*Input data*:
⟨

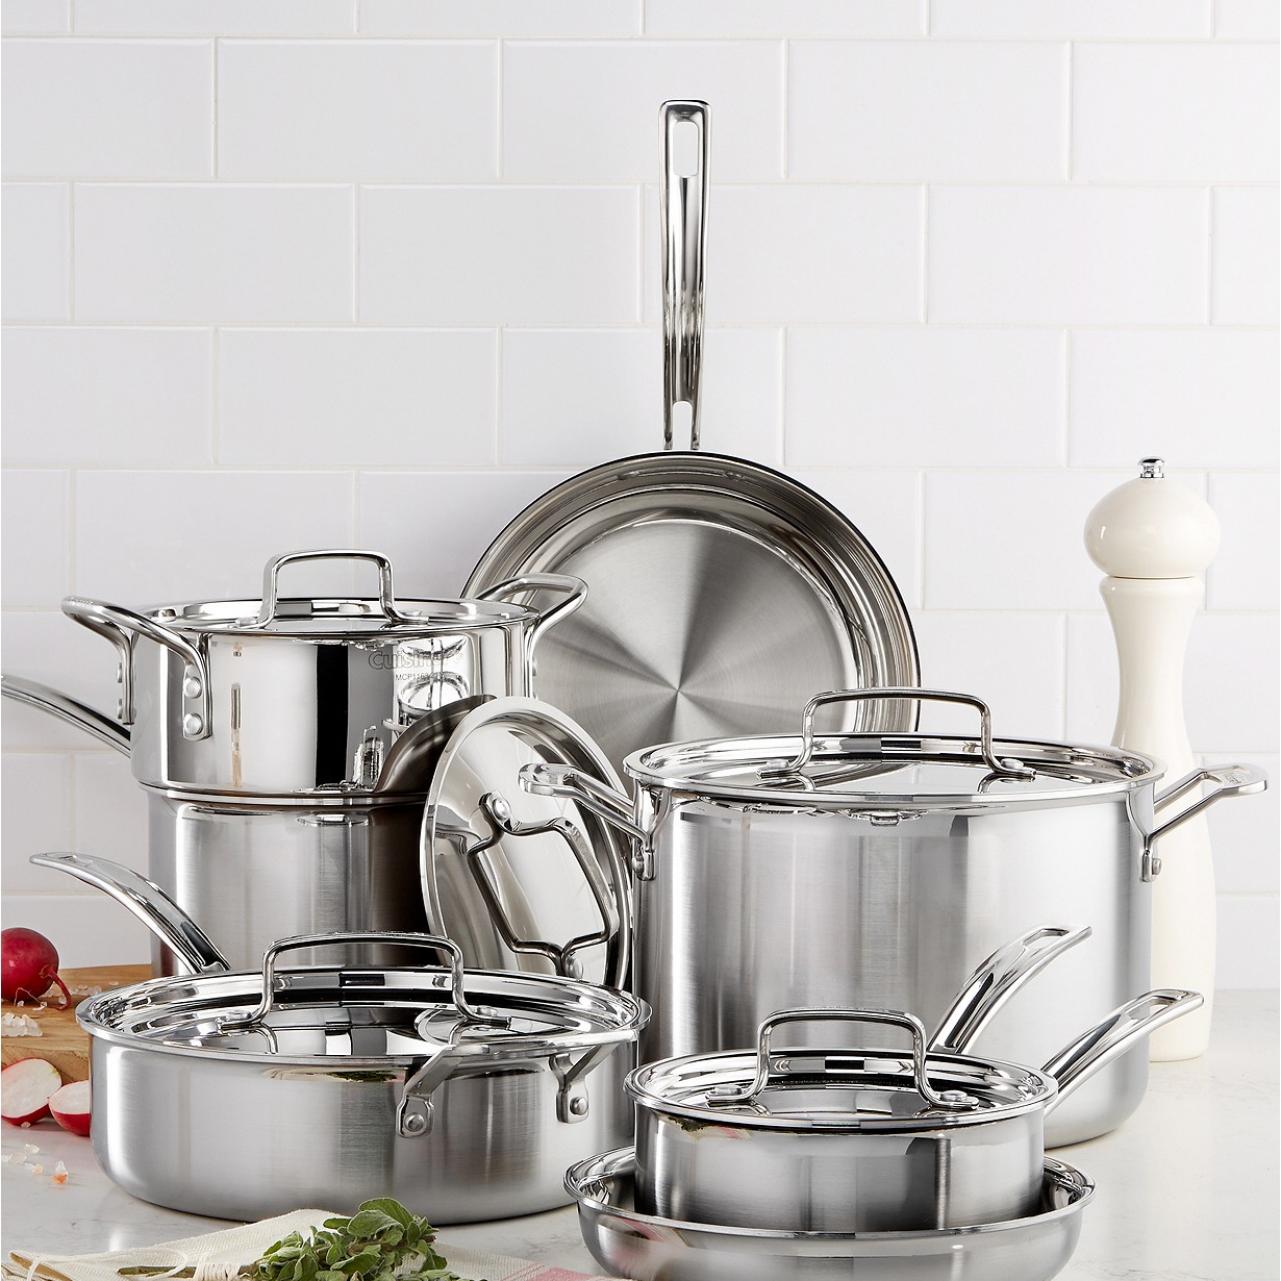 https://food.fnr.sndimg.com/content/dam/images/food/products/2019/6/27/rx_multiclad-pro-tri-ply-stainless-steel-12-piece-cookware-set.jpeg.rend.hgtvcom.1280.1280.suffix/1561643680061.jpeg
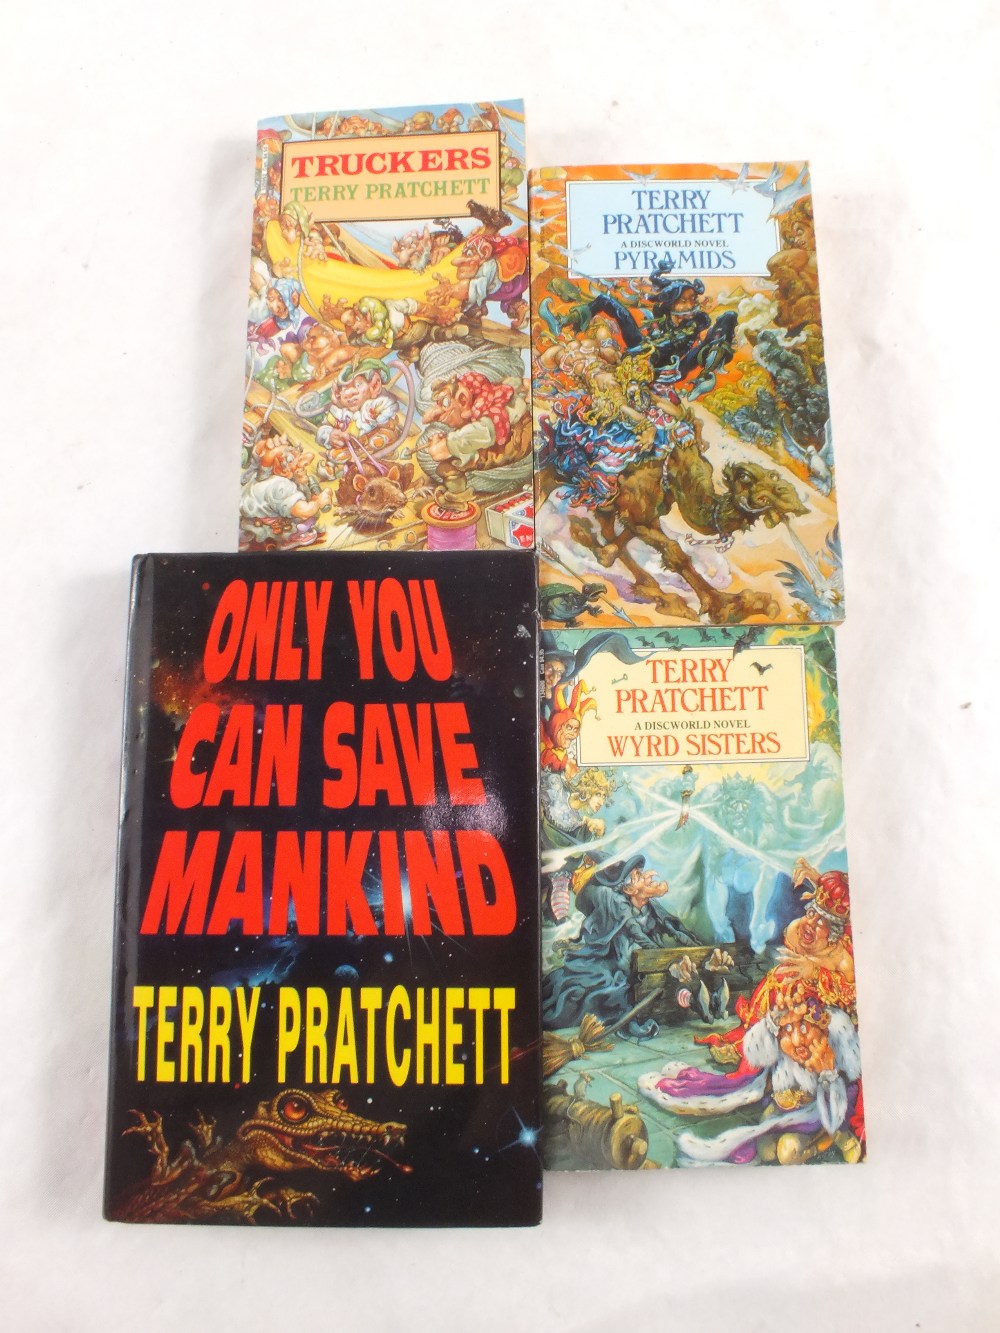 Terry Pratchett, Only You Can Save Mankind and three paperbacks, all signed copies
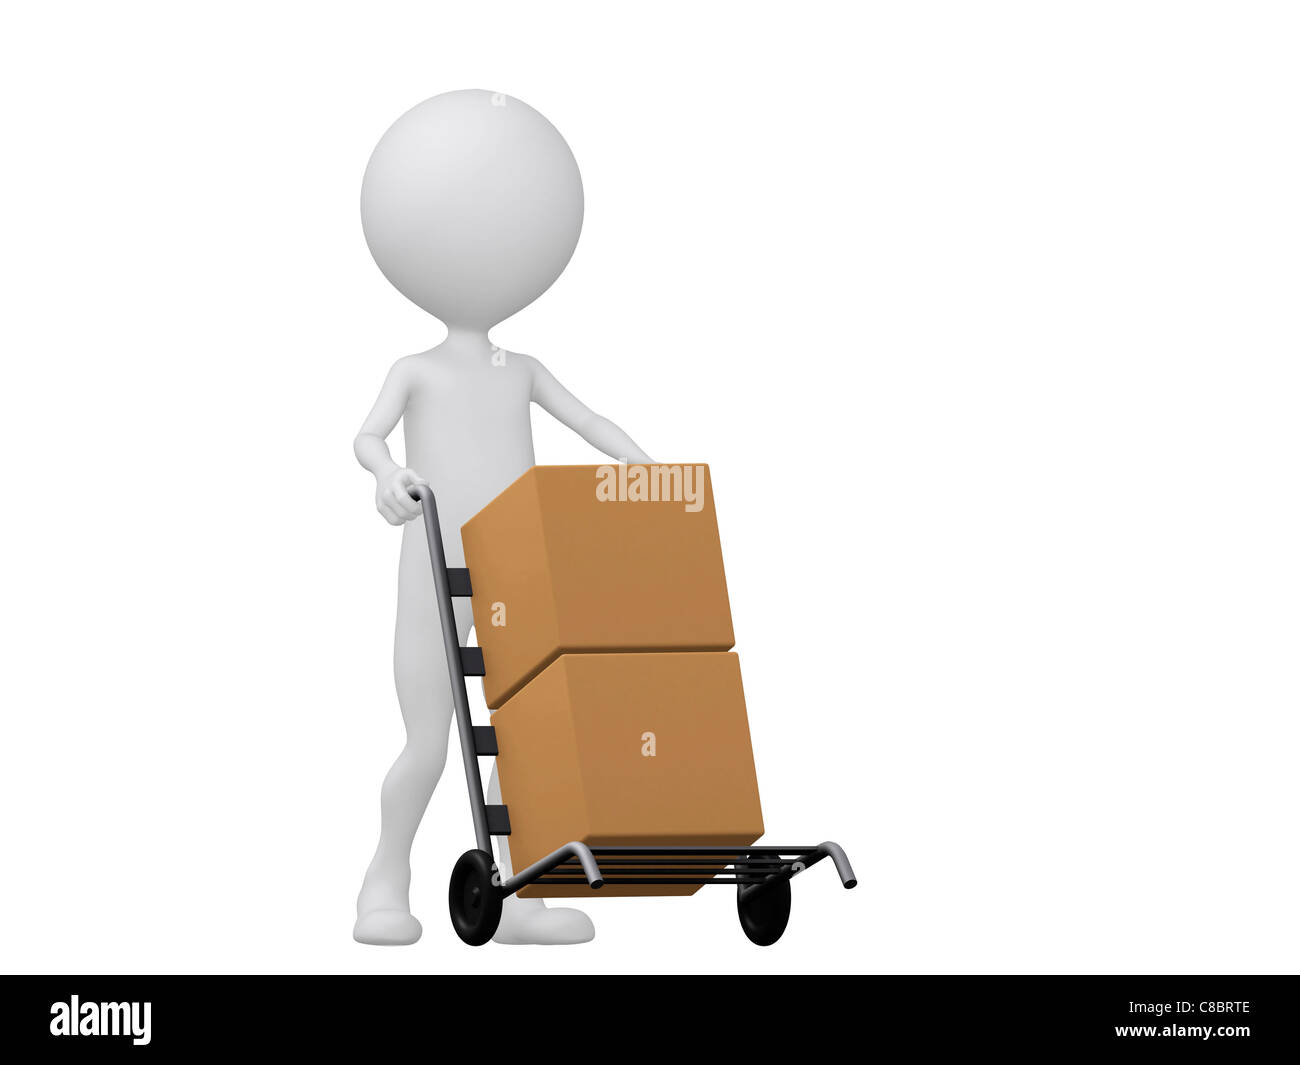 3d people icon with hand trucks and cargo boxes- This is a 3d render illustration Stock Photo
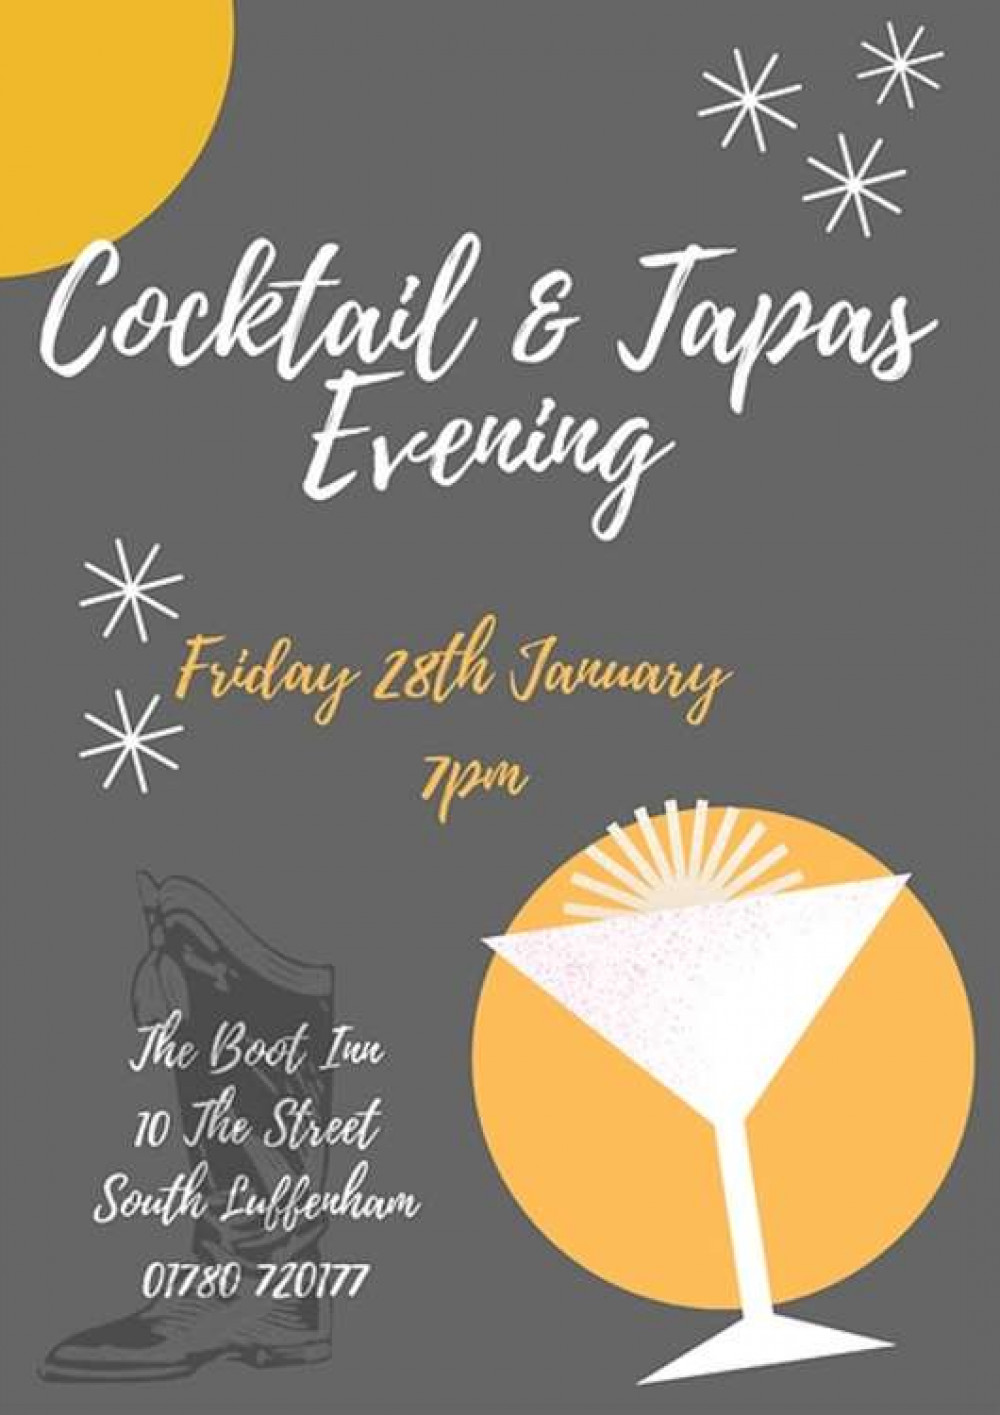 Cocktail and Tapas flyer from The Boot Inn, South Luffenham (photo credit: The Boot Inn)

⟩

Set down exactly, from the line that contains "3d people icon" through the last line of the data, each line as it stands, and leave the pictures out.

*Output for this task*:
 3d people icon with hand trucks and cargo boxes- This is a 3d render illustration Stock Photo
 Cocktail and Tapas flyer from The Boot Inn, South Luffenham (photo credit: The Boot Inn)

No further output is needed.